Inicialmente, verifica-se que atores importantes, como o controle interno e advocacia pública, precisam de um melhor posicionamento, inclusive no tocante às suas atividades, saltando aos olhos, a função, completamente equivocada, do controle em participar do processo de liquidação da despesa, quando são remetidos a este setor, antes do pagamento, os processos para análise e autorização prévias, o que viola frontalmente, o princípio da segregação de funções, que inclusive, se encontra previsto no art. 5ᵒ da NLLCA.
Tal distorção desvia o foco do controle interno, como órgão que tem por missão, analisar e revisar os processos, incluído os licitatórios, após a sua concretização, chamando atenção aos ordenadores de despesa, acerca de possíveis irregularidades.
Já a advocacia pública terá um papel importante na defesa nos agentes públicos, prevista no art. 10 da NLLCA, inclusive na racionalização de procedimentos, através da elaboração de minutas padronizadas de editais, contratos e outros, assim como na orientação aos fiscais de contrato, quando, juntamente com o controle interno, “deverão dirimir dúvidas e subsidiá-lo com informações relevantes para prevenir riscos na execução contratual”, consoante o art. 117, §3ᵒ do novo diploma licitatório.
E para tal desiderato, o primeiro óbice é a própria Constituição Federal, que não estabelece a obrigatoriedade da criação de procuradorias municipais, um desserviço à boa gestão municipal, tendo em vista a complexidade de matérias submetidas a decisão dos gestores, e considerando que as necessidades dos cidadãos são supridas, no primeiro momento, pela municipalidade.
Diante deste cenário constitucional, não resta ao gestor, a contratação de consultorias advocatícias, que levam todo o conhecimento ao final do contrato, gerando um hiato no tocante ao histórico das contratações públicas, quando tais consultorias deveriam ser utilizadas como núcleos de orientação complementar, à própria procuradoria, não devendo tal terceirização, por completo, ser protagonista da vida jurídica do município.

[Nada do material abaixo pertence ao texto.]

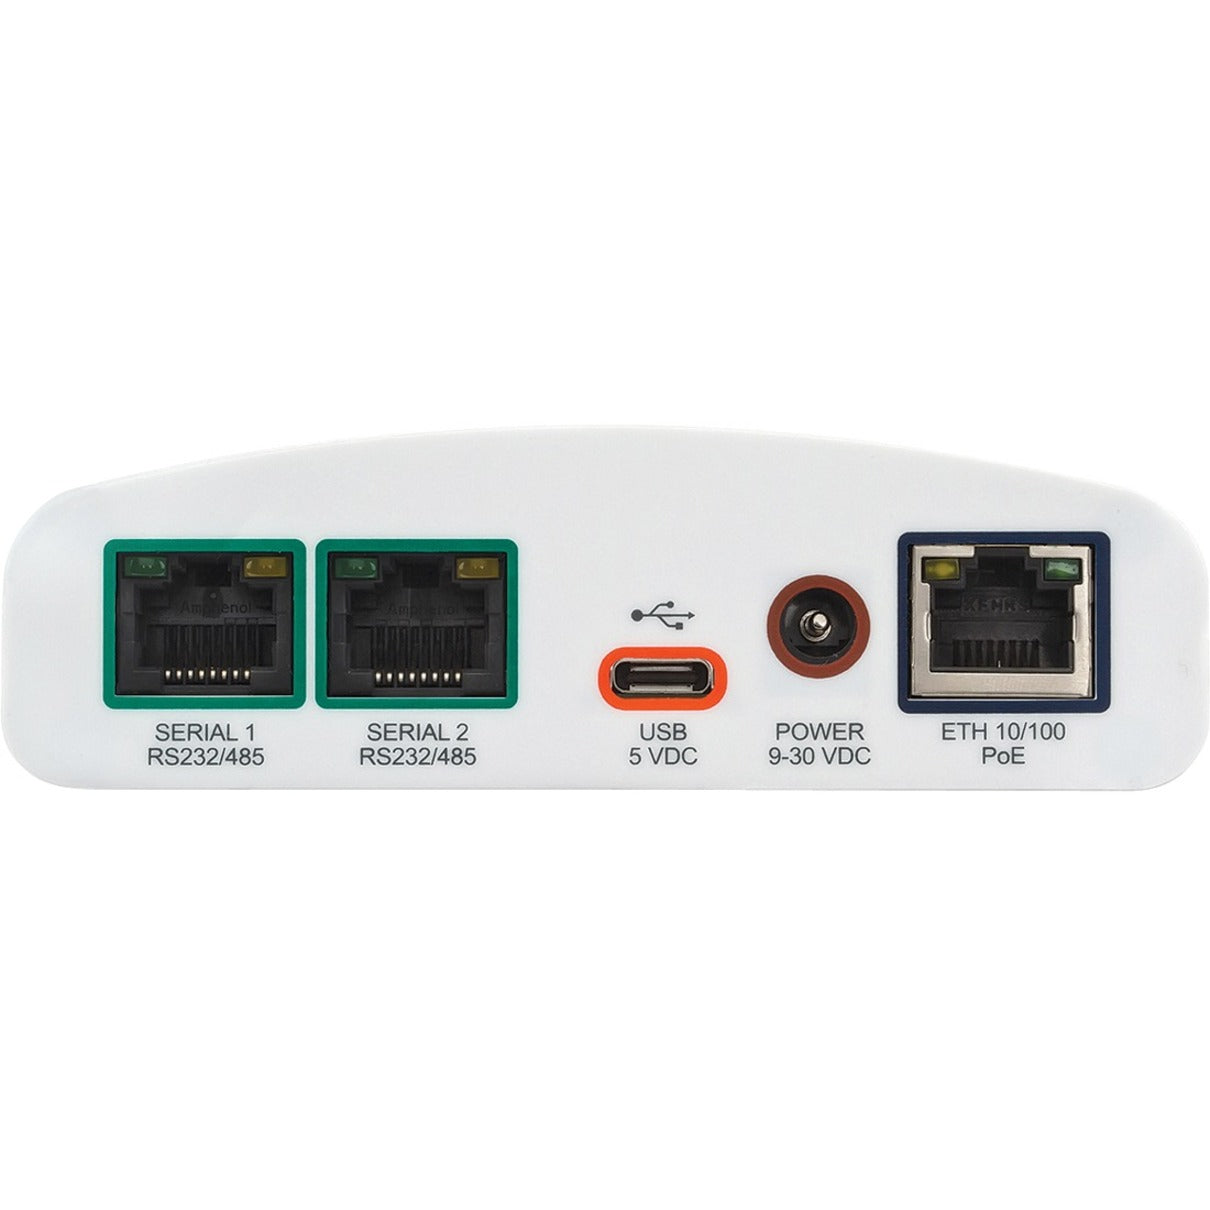 Lantronix SGX5150000US SGX 5150 IoT Device Gateway, 11AC USB & Ethernet

Importa registrar que se entendermos que a expressão “advocacia pública”, prevista no supracitado art. 10 da NLLCA, se refere a órgão estatal, perderão a oportunidade, as autoridades competentes e os servidores públicos que tiverem participado dos procedimentos relacionados às licitações e aos contratos de que trata a Lei de licitações, de defesa “nas esferas administrativa, controladora ou judicial”, inclusive conforme próprio dispositivo, “na hipótese de o agente público não mais ocupar o cargo, emprego ou função em que foi praticado o ato questionado”. Portanto, urge a avaliação pelos gestores públicos municipais, acerca da implementação e do devido aparelhamento das procuradorias municipais.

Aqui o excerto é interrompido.